Она сделала резкий жест, будто собиралась взмахнуть веслом. Лодка качнулась. Марк потерял равновесие, резко сел, и, растерявшись, она подалась к нему и выпустила из руки весло. От нелепости ситуации Николь стало стыдно.
– А вот это что-то новенькое, – засмеялся Марк.
– Прости!
С одним веслом они могли лишь крутиться на месте. Марк попытался позвать лодочника, но безуспешно. Он снова встал, намереваясь опуститься на колени и перегнуться через борт, чтобы поймать потерянное весло, которое застряло в цветках лотоса. Держа в руке фотоаппарат, он двигался слишком быстро. Лодка качнулась, Марк потерял равновесие и, в мгновение ока перемахнув через борт, плюхнулся в воду. На миг она окаменела, но тут же закричала. Довольно быстро стало ясно, что с ним все в порядке. Когда Марк забрался обратно в лодку и тряхнул головой, Николь рассмеялась.
– Эй! Ты же брызгаешь на меня!
Его белая рубашка промокла, став практически прозрачной, и Николь видела каждый мускул предплечий и груди. Девушка сглотнула. Еще никогда она не испытывала такого желания, от которого колотилось сердце и прерывалось дыхание. Несколько секунд они смотрели друг на друга, не в силах заговорить. Николь отвела взгляд, смущенная интимностью момента.
Она заметила, что фотоаппарат лежит на дне лодки, а не плавает в озере, и подняла его. Улыбнувшись, Николь сделала снимок Марка, с которого все еще стекала вода. Они немного подождали, но солнце уже село за горизонт, а лодочник не появлялся. С Марком Николь чувствовала себя в безопасности, но задрожала, вспомнив холод и темноту реки, в которую упала в детстве.
– И?.. – произнесла она. – Что теперь?
Марк пожал плечами.
– Вода ледяная!
– Так тебе и надо, нечего хвастаться.
Николь уловила на озере огонек, затем услышала, как весла рассекают воду. Они с Марком обернулись. К ним приближался попрошайка, которого она посчитала слепым, с запасным веслом.
* * *Обе сестры пользовались ванной комнатой на втором этаже. Она была выкрашена в белый цвет и отделана сияющей аквамариновой плиткой.
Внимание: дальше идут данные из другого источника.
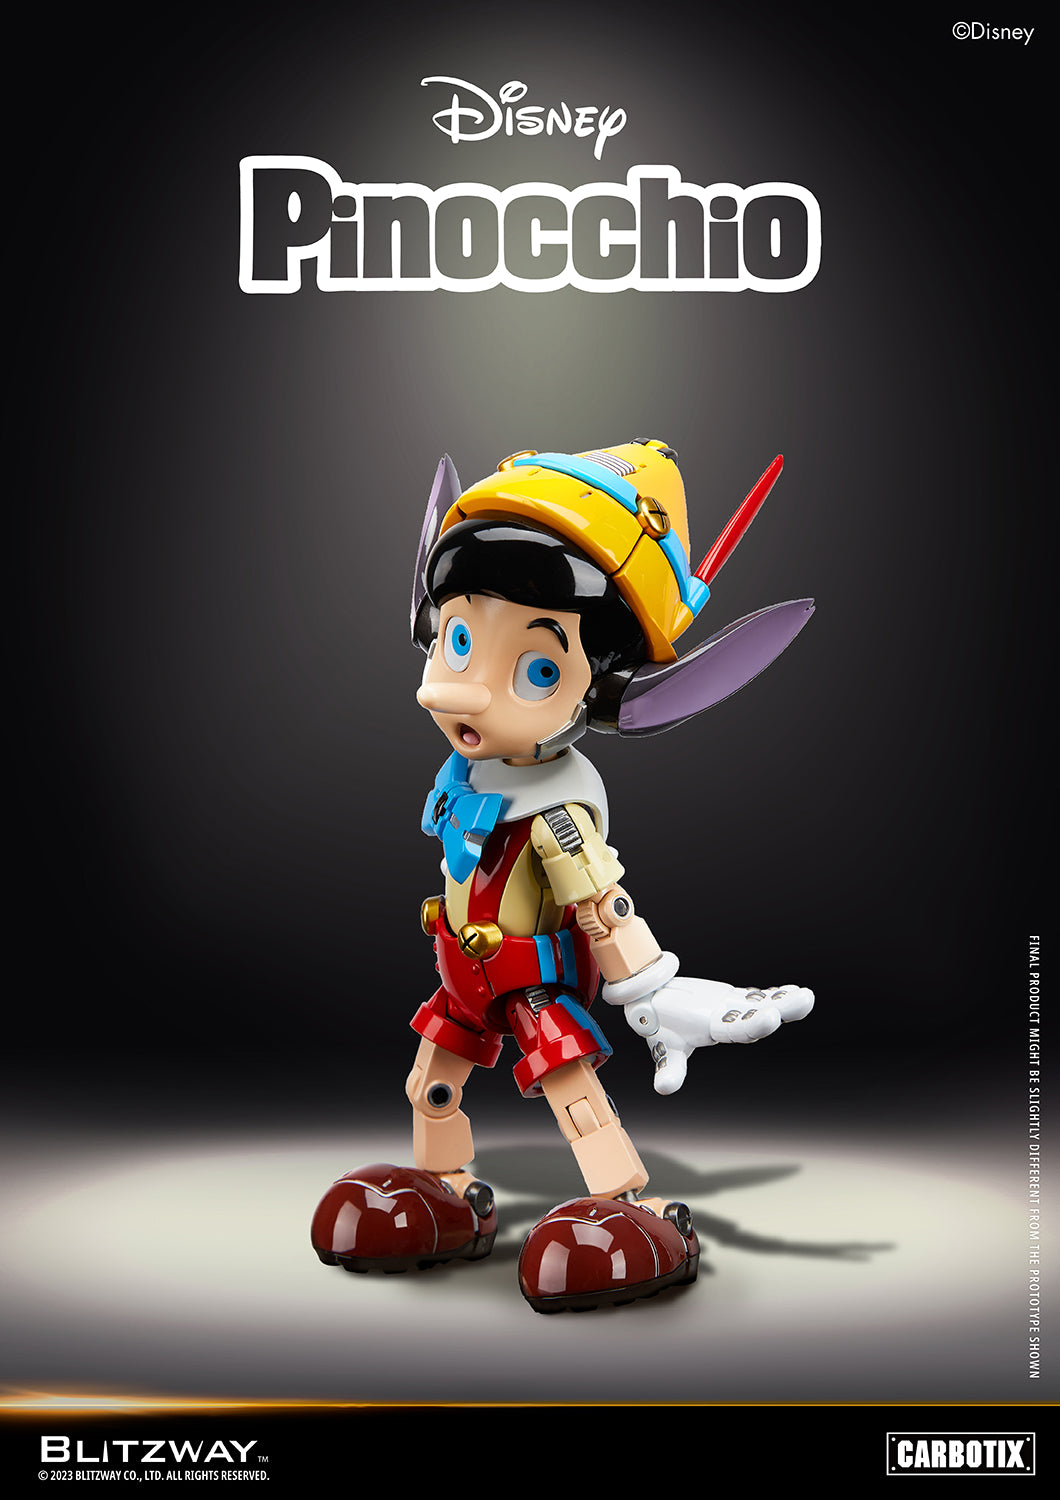 Blitzway - Carbotix - Disney&#39;s Pinocchio - Marvelous Toys
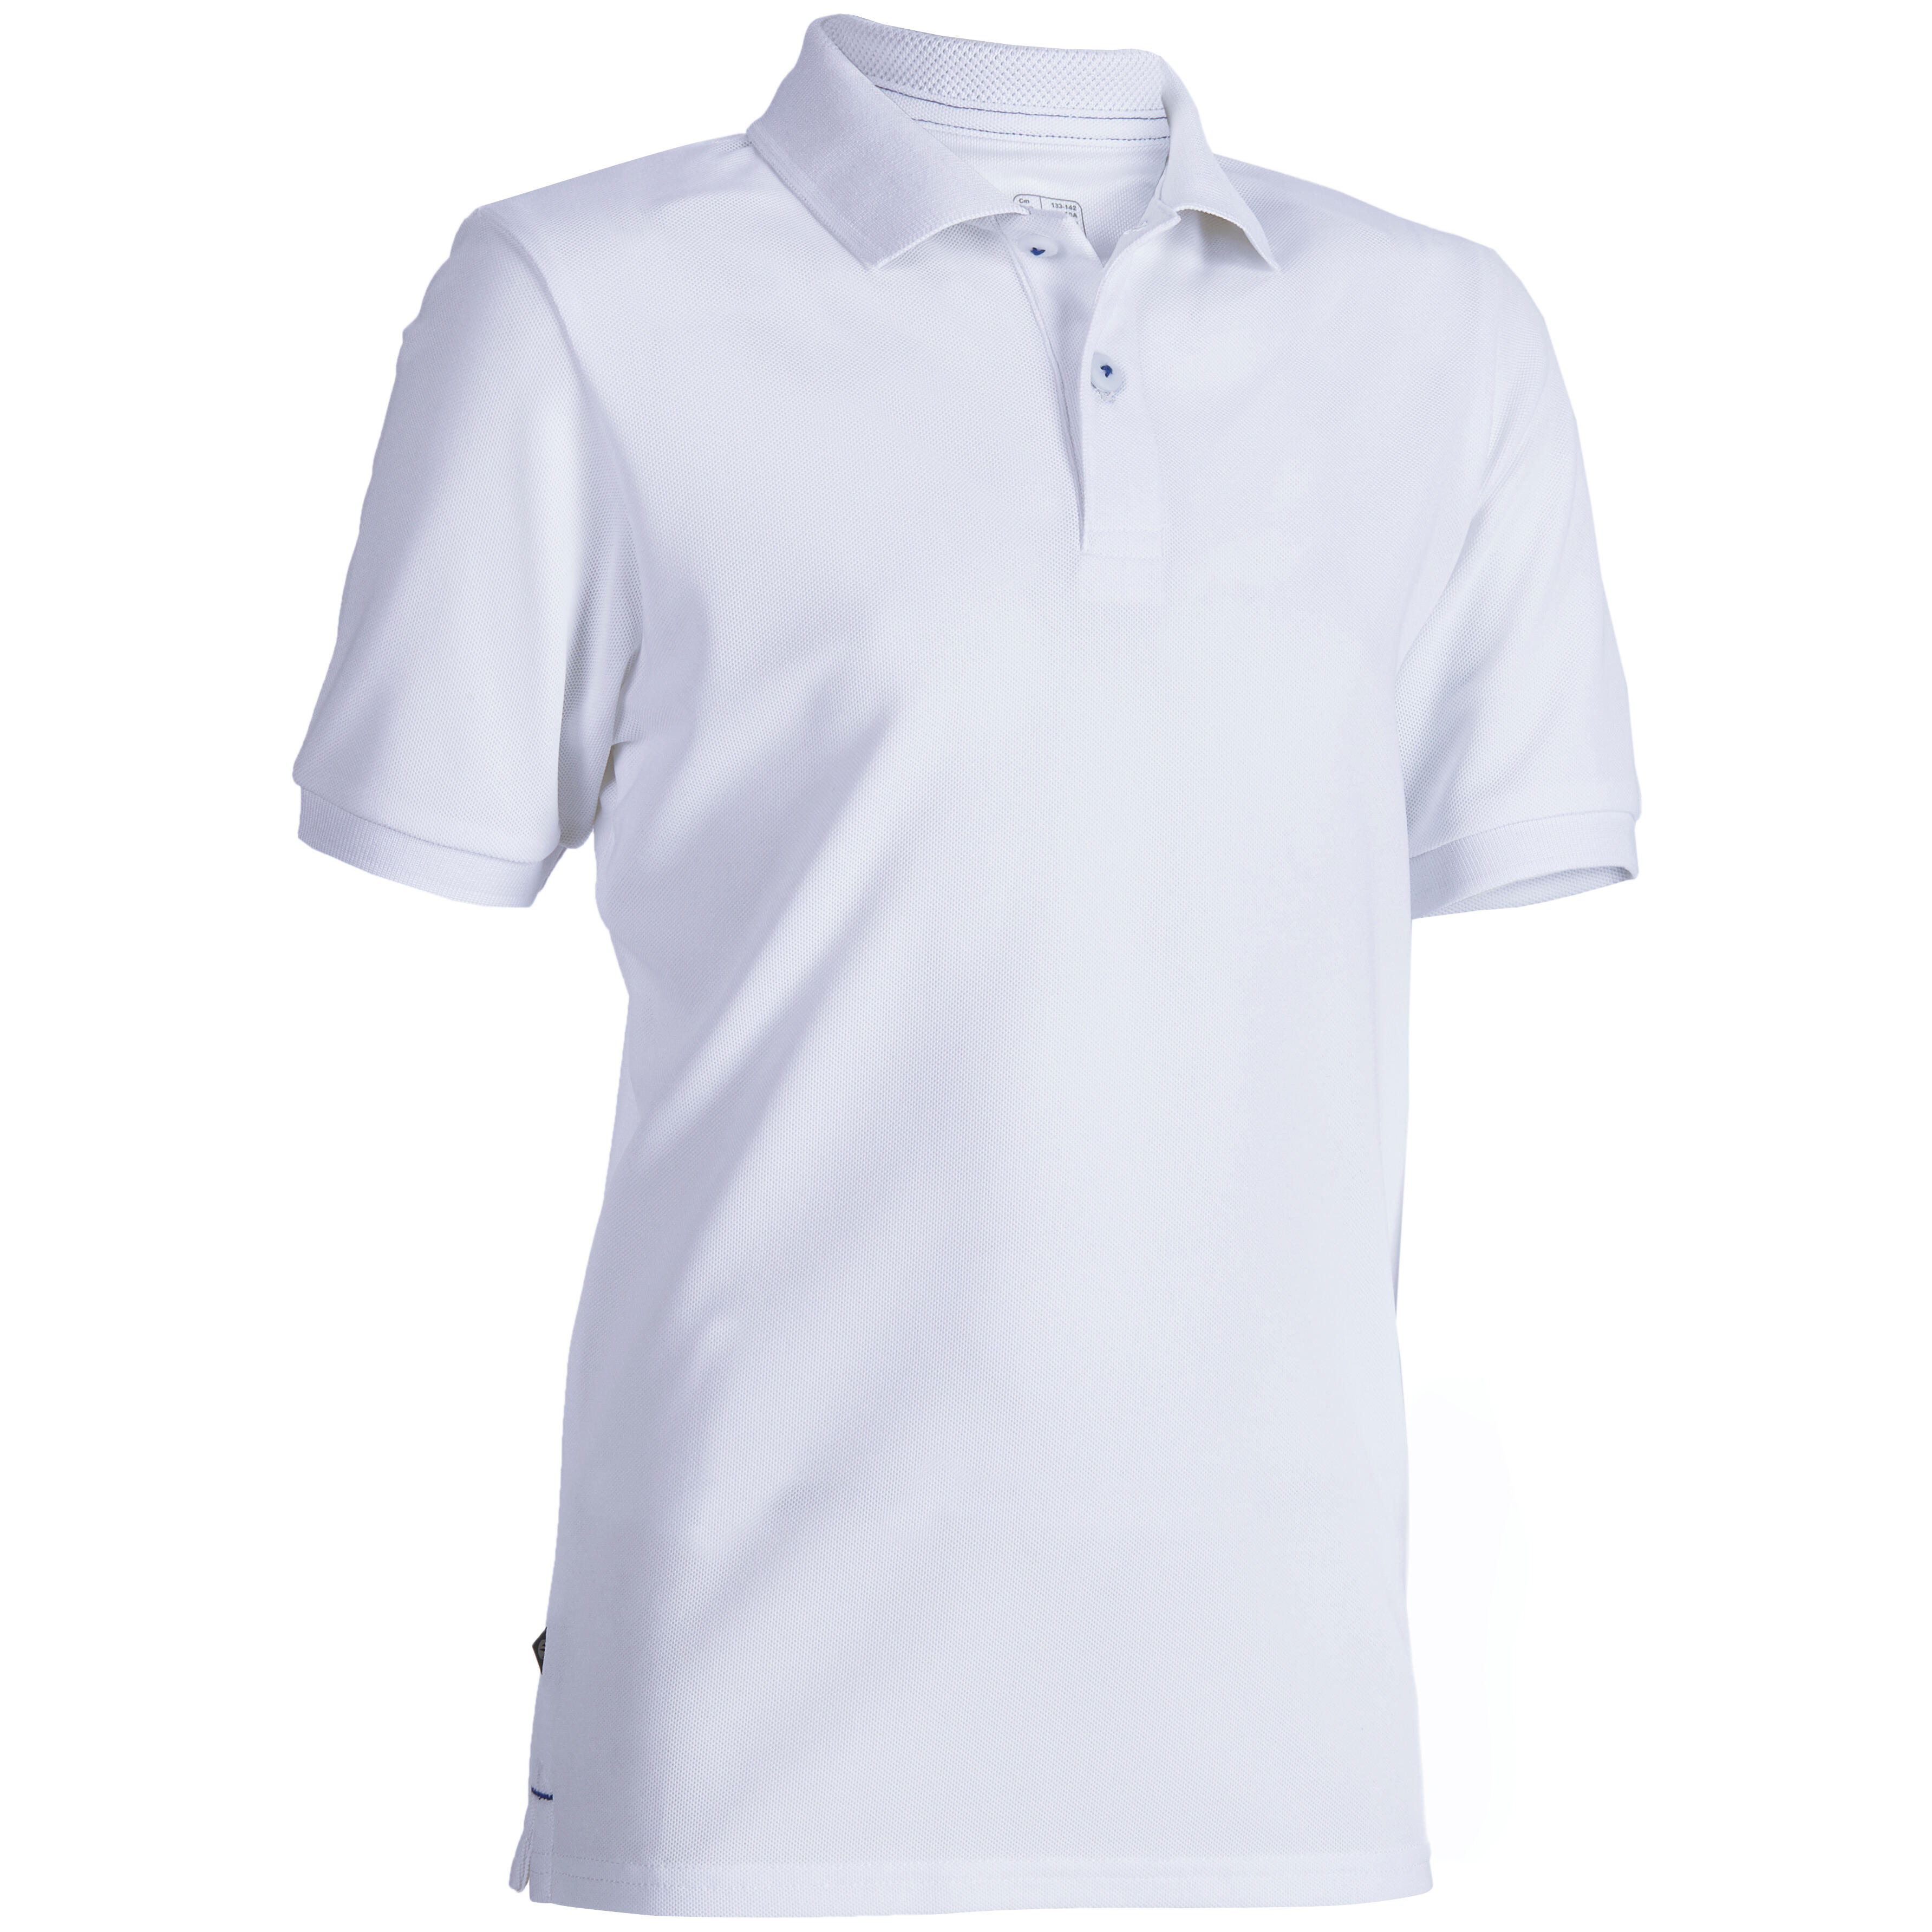 polo golf t shirt

Одна сторона всегда пребывала в идеальном порядке, другая была завалена заколками, шпильками, лентами для волос и баночками крема для лица. На стене висело огромное зеркало ар-деко, черно-белый кафель покрывал пол, а из окна виднелись листья тропических растений.
Сильвия настояла на том, чтобы поставить тут два отдельных бамбуковых шкафчика, чтобы вещи девушек не перемешались, правда, Николь обычно и не заботило содержимое ящиков сестры. На этот раз, набирая ванну, она провела ладонью по полкам Сильвии: на нижней полке нашла универсальный жирный крем, очищающее масло, лосьон для кожи – все от «Эсте Лаудер», а наверху многочисленные бутылочки шампуней и мыло. Среди красивых флаконов с духами стояли любимые духи Сильвии «Кёр Жойе» от Нины Риччи. Будучи не такой высокой, как сестра, Николь встала на цыпочки, чтобы дотянуться до них. Она аккуратно сняла флакон и, открутив крышку, нанесла пару капель за ушами. Возвращая духи на место, Николь нащупала кое-что еще. Она достала небольшую коробочку, в которой лежали два пузырька с таблетками с надписями «Бензедрин» и «Декседрин», оба выписаны на имя Сильвии. Но почему она принимает лекарства? Насколько Николь знала, эти средства являлись амфетаминами. Она вдруг заволновалась. Может, сестре нездоровится?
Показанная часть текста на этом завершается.